Hi Tom,
> A brute-force way to narrow things down would be to write a little
> program that tries to retrieve each row individually by primary key,
> starting at 115848 since you know the rows before that are okay.
Thanks, this worked. I ran a perl script that went from 1 to
max(primary_id), and selected a record and then inserted it into a new
table.
There were a total of two bad records, so not too bad. =)
> That's disturbing; short of a serious failure (disk crash, for instance)
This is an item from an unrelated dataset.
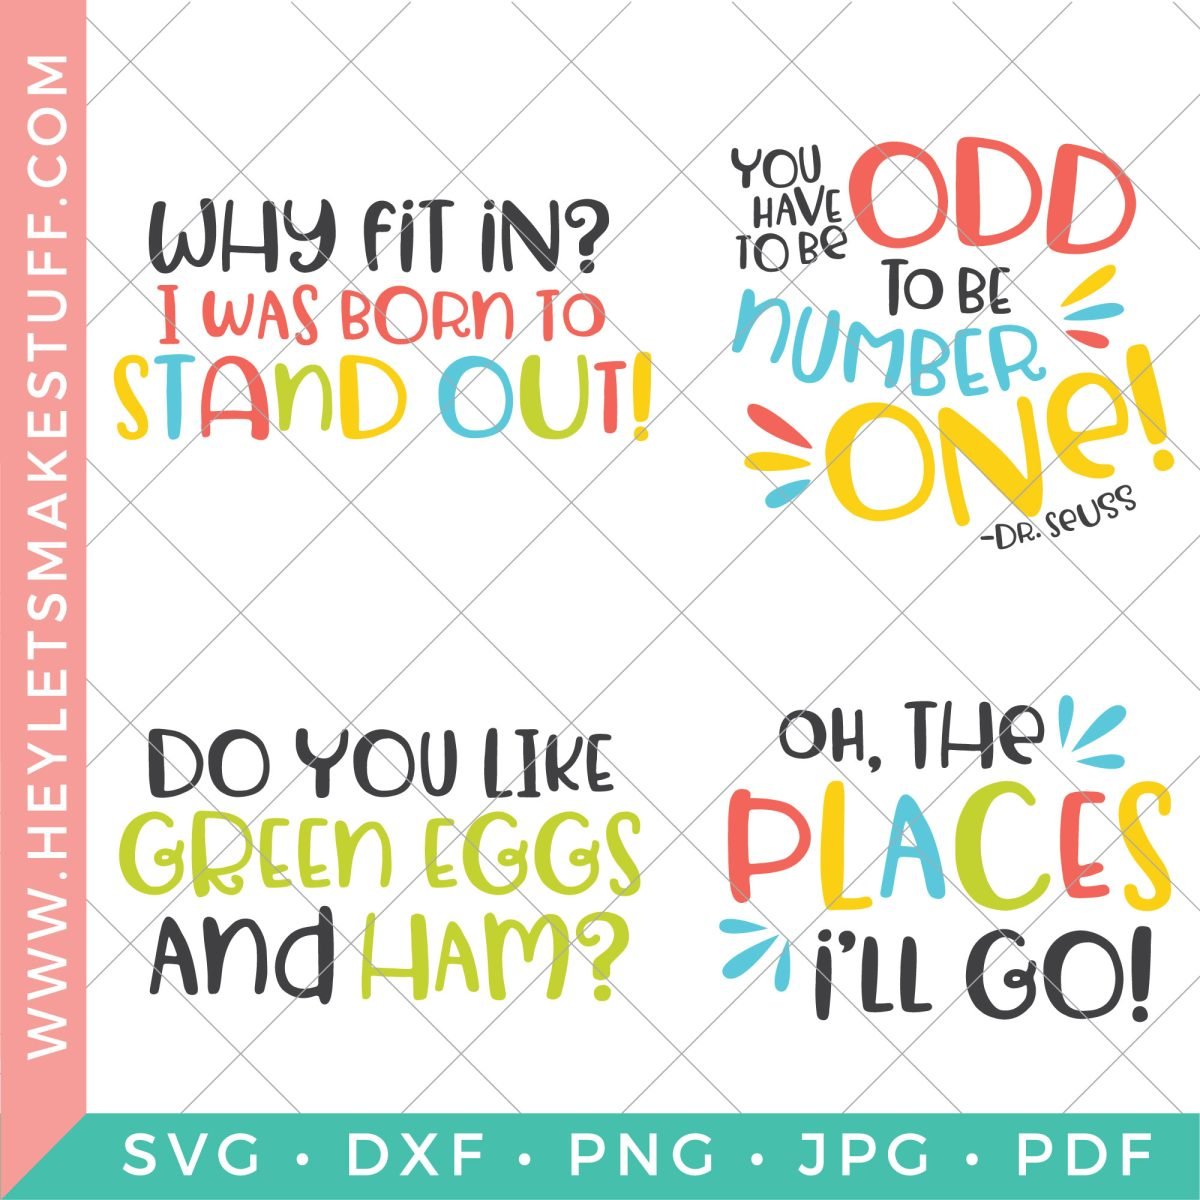 Four SVG files in this bundle: "Why fit in? I was born to stand out!" "You have to be odd to be number one!" "Do you like green eggs and ham?" "Oh the places you'll go!"

> I don't know of anything that would cause this.
>
> One thing that would be interesting to try is to investigate the TOAST
> table directly.
# select oid from pg_class where relname = 'users';
oid
---------
9361620
(1 row)
# select chunk_seq, length(chunk_data) from pg_toast_9361620 where
chunk_id = 12851102 order by chunk_seq;
chunk_seq | length
-----------+--------
(0 rows)
Very strange.
Now that we can backup the data, we've switched the database to a brand
new disk drive, and re-imported and vacuumed everything. The application
is running smoothly again.
I doubt this is relevant, but we were symlinking /usr/local/pgsql/data
-> /mnt/disk2/pgsql. Also, one column in the problem table was a text
field avg'ing 20k.
I still have the old database if it helps.